> A text file may be inefficient as is, but it's perfectly compressible, even wi...

dunham · 2025-05-01T16:15:19 1746116119

Below I'm discussing compressed size here rather than how "fast" it is to copy databases.

Yeah there are indexes. And even without indexes there is an entire b-tree sitting above the data. So we're weighing the benefits of having a domain dependent compression (binary format) vs dropping all of the derived data. I'm not sure how that will go, but lets try one.

Here is sqlite file containing metadata for apple's photo's application:

    767979520 May  1 07:28 Photos.sqlite

Doing a VACUUM INTO:

    719785984 May  1 08:56 photos.sqlite

gzip -k photos.sqlite (this took 20 seconds):

    303360460 May  1 08:56 photos.sqlite.gz

sqlite3 -readonly photos.sqlite .dump > photos.dump (10 seconds):

    1277903237 May  1 09:01 photos.dump

gzip -k photos.dump (21 seconds):

    285086642 May  1 09:01 photos.dump.gz

About 6% smaller for dump vs the original binary (but there are a bunch of indexes in this one). For me, I don't think it'd be worth the small space savings to spend the extra time doing the dump.

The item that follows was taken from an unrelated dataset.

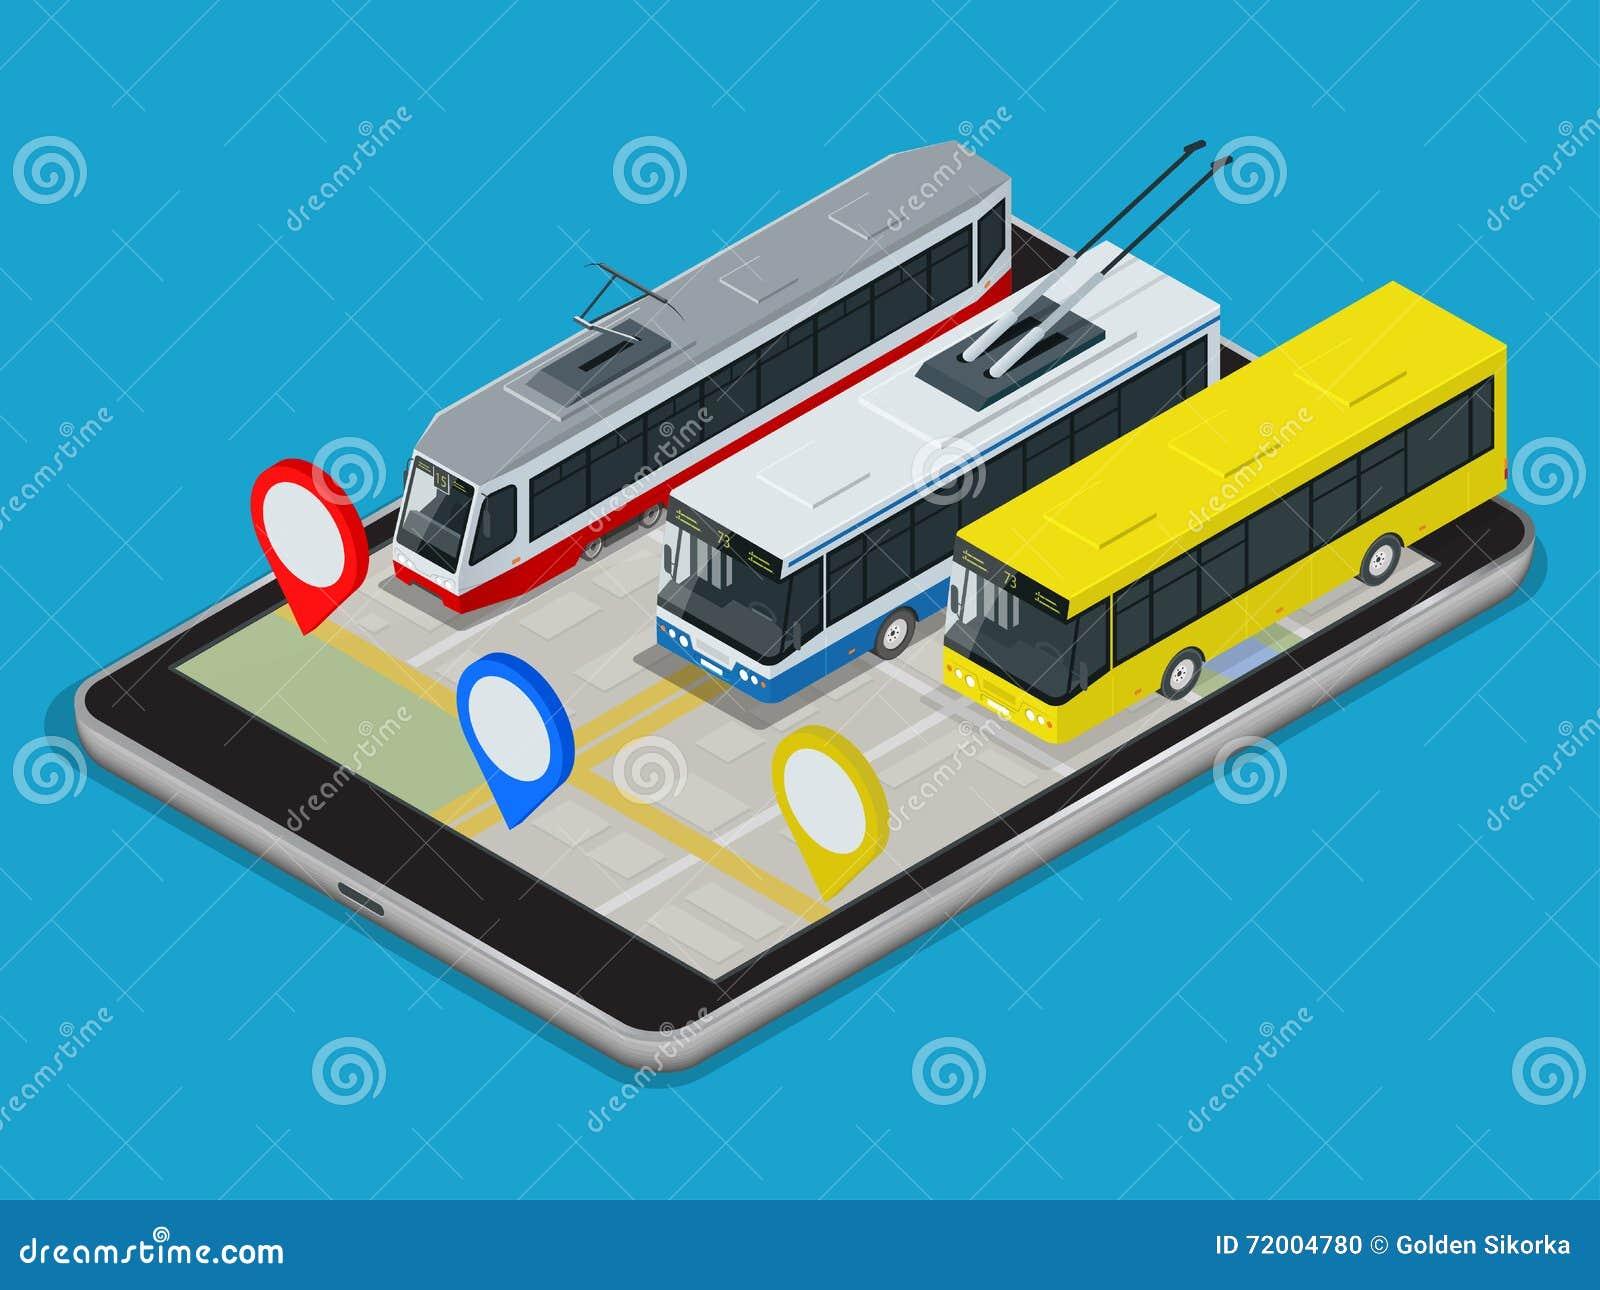 public transport trolleybus, bus, tram . online schedule app for

With indexes dropped and vacuumed, the compressed binary is 8% smaller than compressed text (despite btree overhead):

    566177792 May  1 09:09 photos_noindex.sqlite
    262067325 May  1 09:09 photos_noindex.sqlite.gz

About 13.5% smaller than compressed binary with indices. And one could re-add the indices on the other side.

vlovich123 · 2025-05-01T20:15:08 1746130508

Yup, these results are pretty consistent with what I'd expect (& why I noted the impact of indices) cause even string data has a lot of superfluous information when expressed in the DDL ("INSERT INTO foo ...") - I would expect all of that to exceed any bookkeeping within the btree. And non-string values like blobs or numbers are going to be stored more efficiently than in the dump which is a text encoding (or even hex for blobs) which is going to blow things up further.

zimpenfish · 2025-05-03T08:51:54 1746262314

Some more anecdata - from this it looks like you could `VACUUM INTO` + `zstd --long -12` using 19.1s and get 109% of the size you'd get from `dump` + `zstd --long -5` using 32.8s. Saves 13.7s at the cost of 76M. YMMV, obvs.

sqlite3 3.49.1, zstd 64bit 1.5.7, gzip (Apple) 457.120.3

Original file (3.3G)

    3264290816 Photos.sqlite

VACUUM INTO (10.3s, 3.1G, 94.3%)

    3078881280 test.sqlite

gzip -k (76s, 1.1G, 33.1%)

    1080119337 test.sqlite.gz

zstd --long (3.2s, 987M, 30.2%)

     986252298 test.sqlite.zst

zstd --long -9 (8.8s, 903M, 27.6%)

     902282663 test.sqlite.9.zst

zstd --long -12 (21.5s, 885M, 27.1%)

     884863443 test.sqlite.12.zst

.dump (27.6s, 4.7G)

    4693437307 photos.dump

gzip -k (72s, 942M, 28.8%)

     941018021 photos.dump.gz

zstd --long (5.2s, 860M, 26.3%)

     859204016 photos.dump.zst

zstd --long -12 (31.7s, 827M, 25.3%)

     826776415 photos.dump.12.zst

(edited to fix a typo in a size and a conclusion that came from that)

ForOldHack · 2025-05-01T18:35:39 1746124539

Brilliant. >60% savings. 700mb? wow.

cnewey · 2025-05-01T18:49:13 1746125353

Is that really necessary?

nine_k · 2025-05-01T18:59:24 1746125964

Depending on the bandwidth at the target site, which may be pretty remote, and not exposing a public internet service.

cnewey · 2025-05-01T19:12:03 1746126723

Ah no, I meant “is the snark necessary?” to the parent comment. I enjoyed the read!